__Dataset records__
++++++++++++++++++++

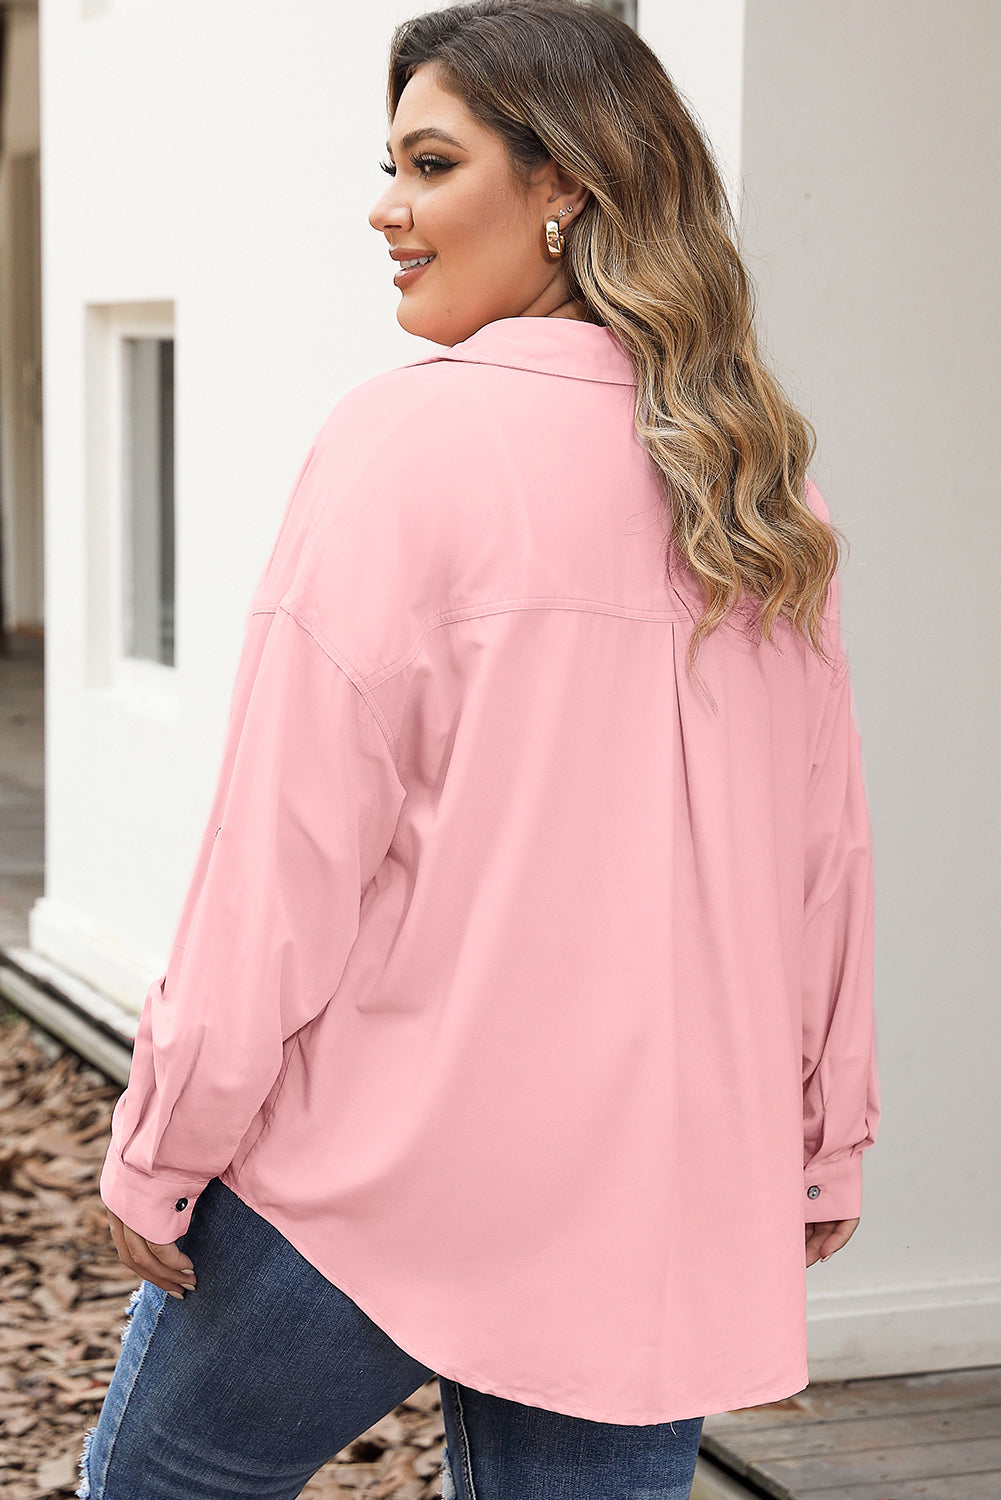 Rožnata majica velike velikosti z žepnimi rokavi in ​​gumbi
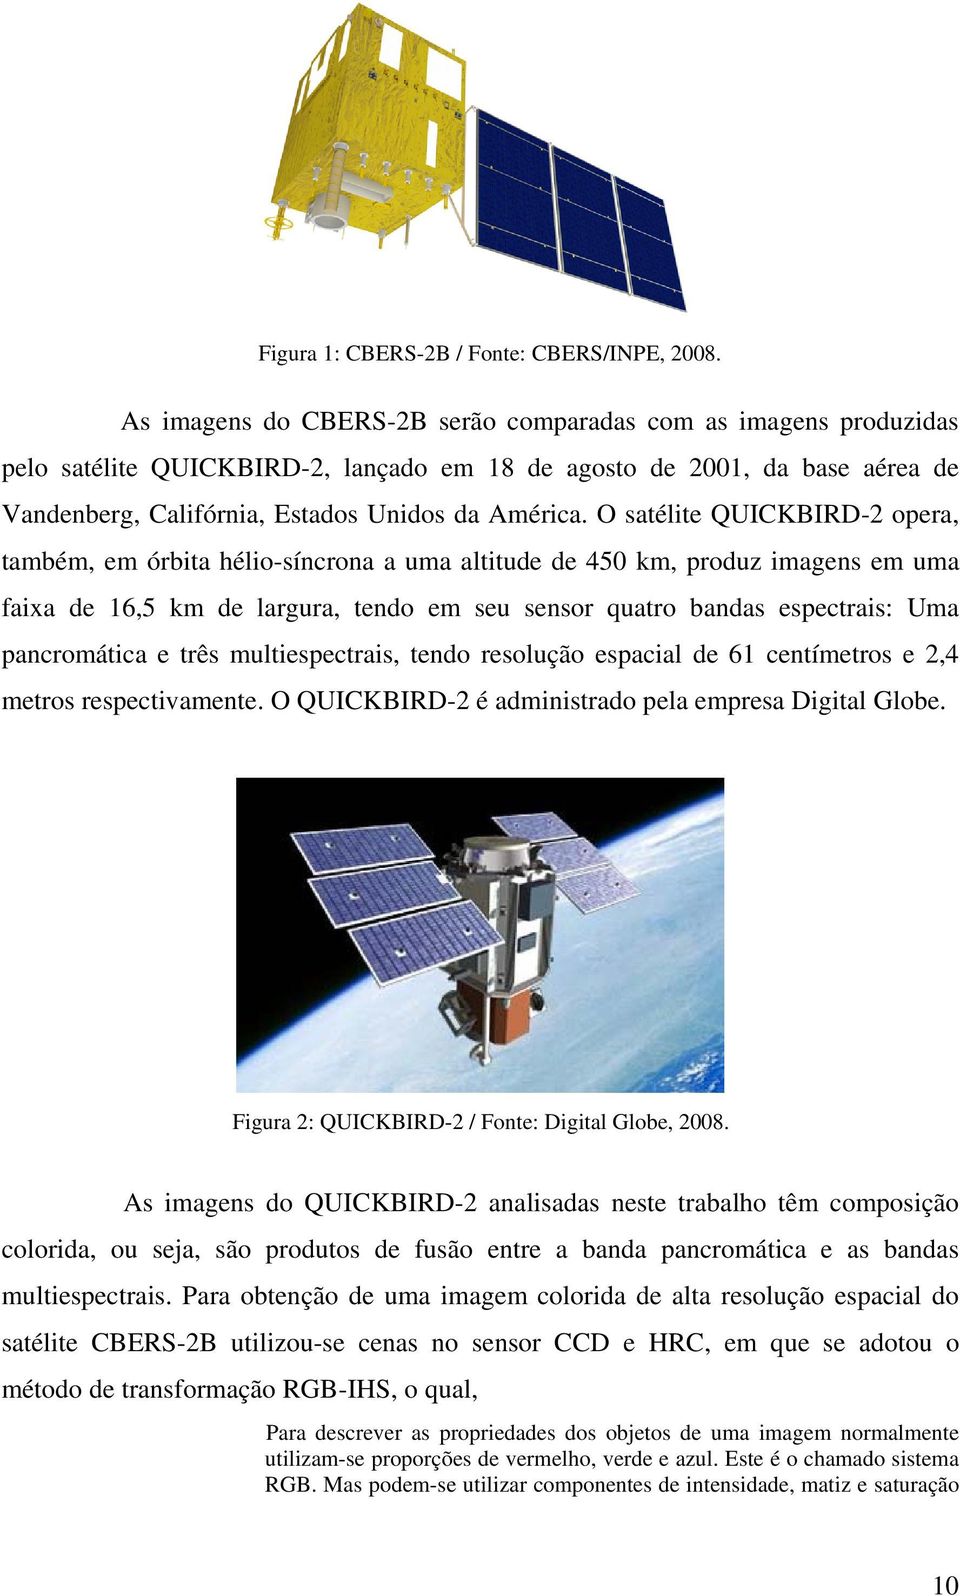 O satélite QUICKBIRD-2 opera, também, em órbita hélio-síncrona a uma altitude de 450 km, produz imagens em uma faixa de 16,5 km de largura, tendo em seu sensor quatro bandas espectrais: Uma
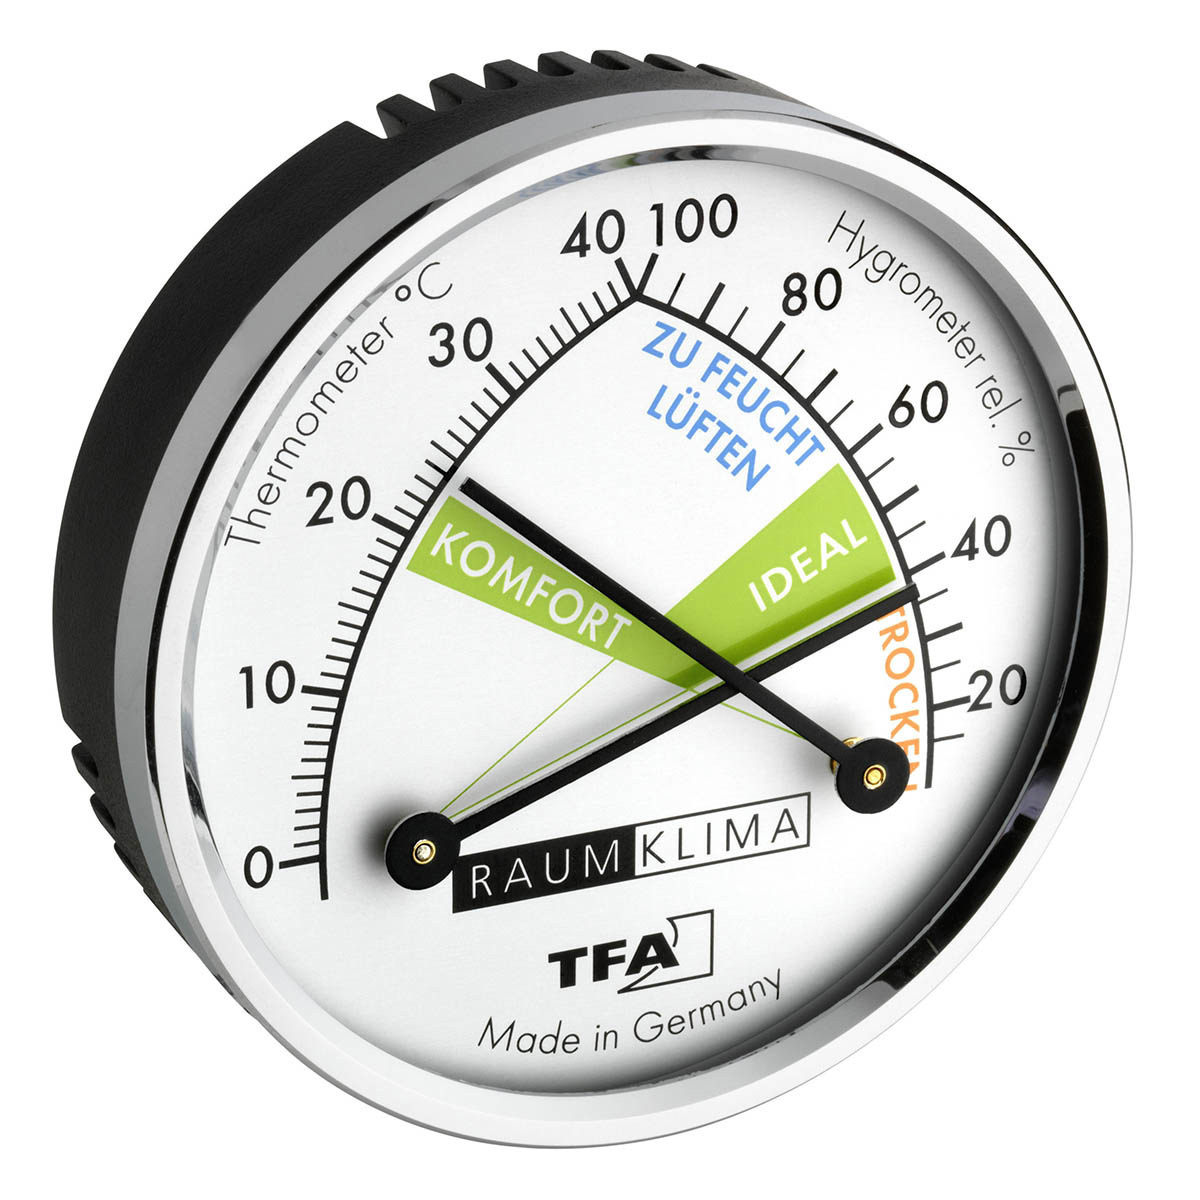 Analoges Thermo-Hygrometer mit Metallring
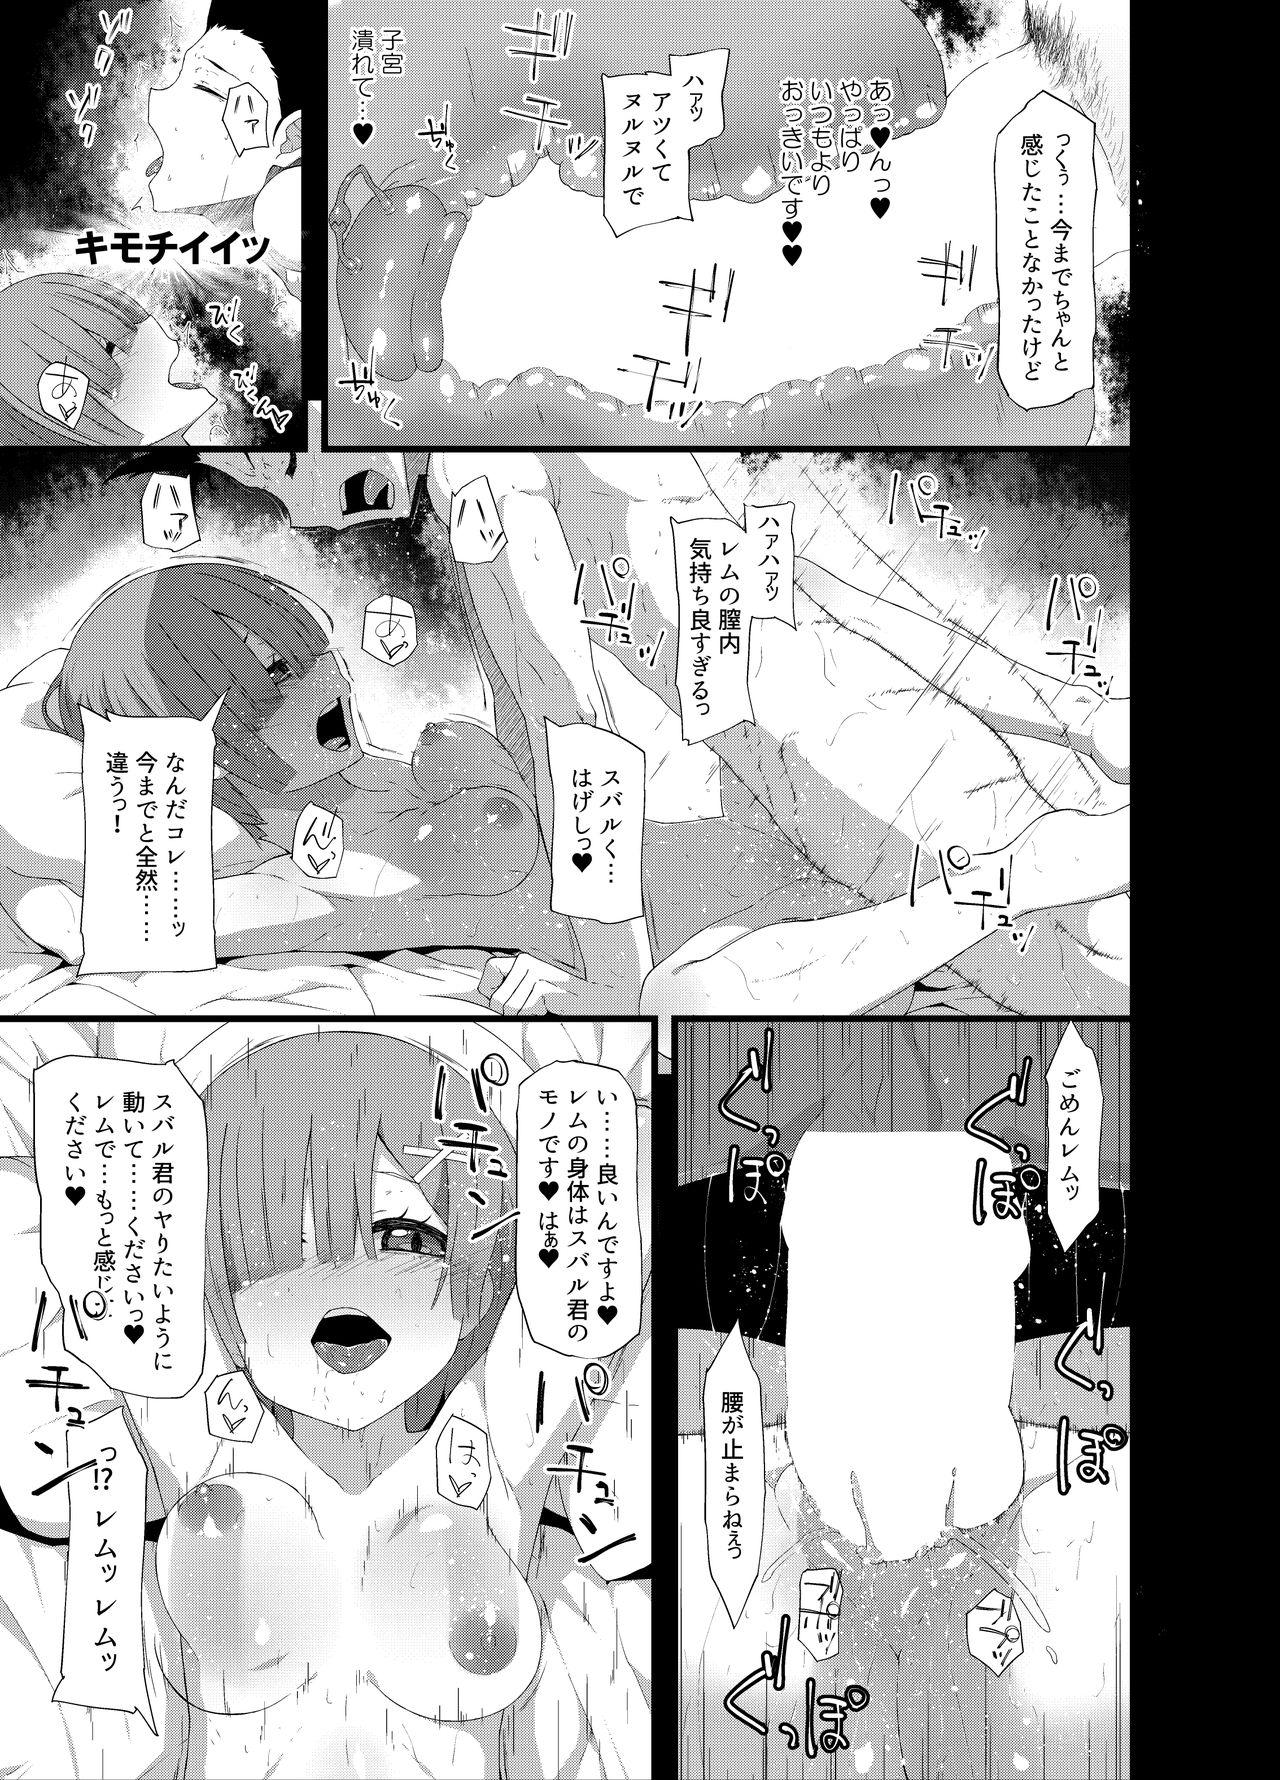 Casada Natsuki Rem - Re zero kara hajimeru isekai seikatsu Tattoos - Page 11
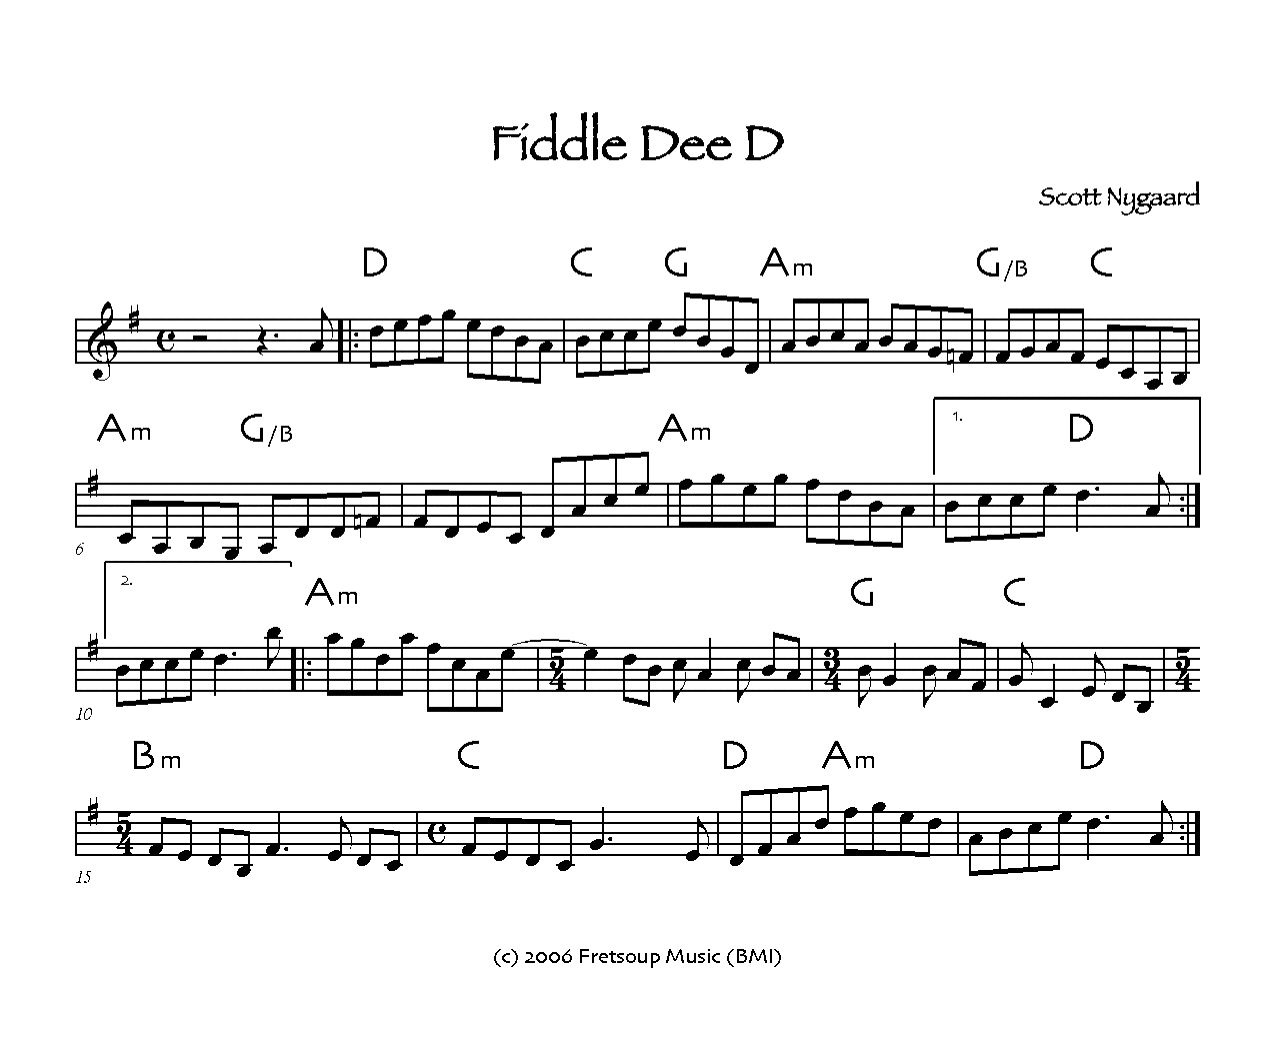 [Fiddle+Dee+D.jpg]

++++++++++++++++++++

__The problem__
Without copying the pictures, transcribe the entries exactly.

__Output below__
 Rožnata majica velike velikosti z žepnimi rokavi in ​​gumbi
 O satélite QUICKBIRD-2 opera, também, em órbita hélio-síncrona a uma altitude de 450 km, produz imagens em uma faixa de 16,5 km de largura, tendo em seu sensor quatro bandas espectrais: Uma
 Analoges Thermo-Hygrometer mit Metallring
 Casada Natsuki Rem - Re zero kara hajimeru isekai seikatsu Tattoos - Page 11
 [Fiddle+Dee+D.jpg]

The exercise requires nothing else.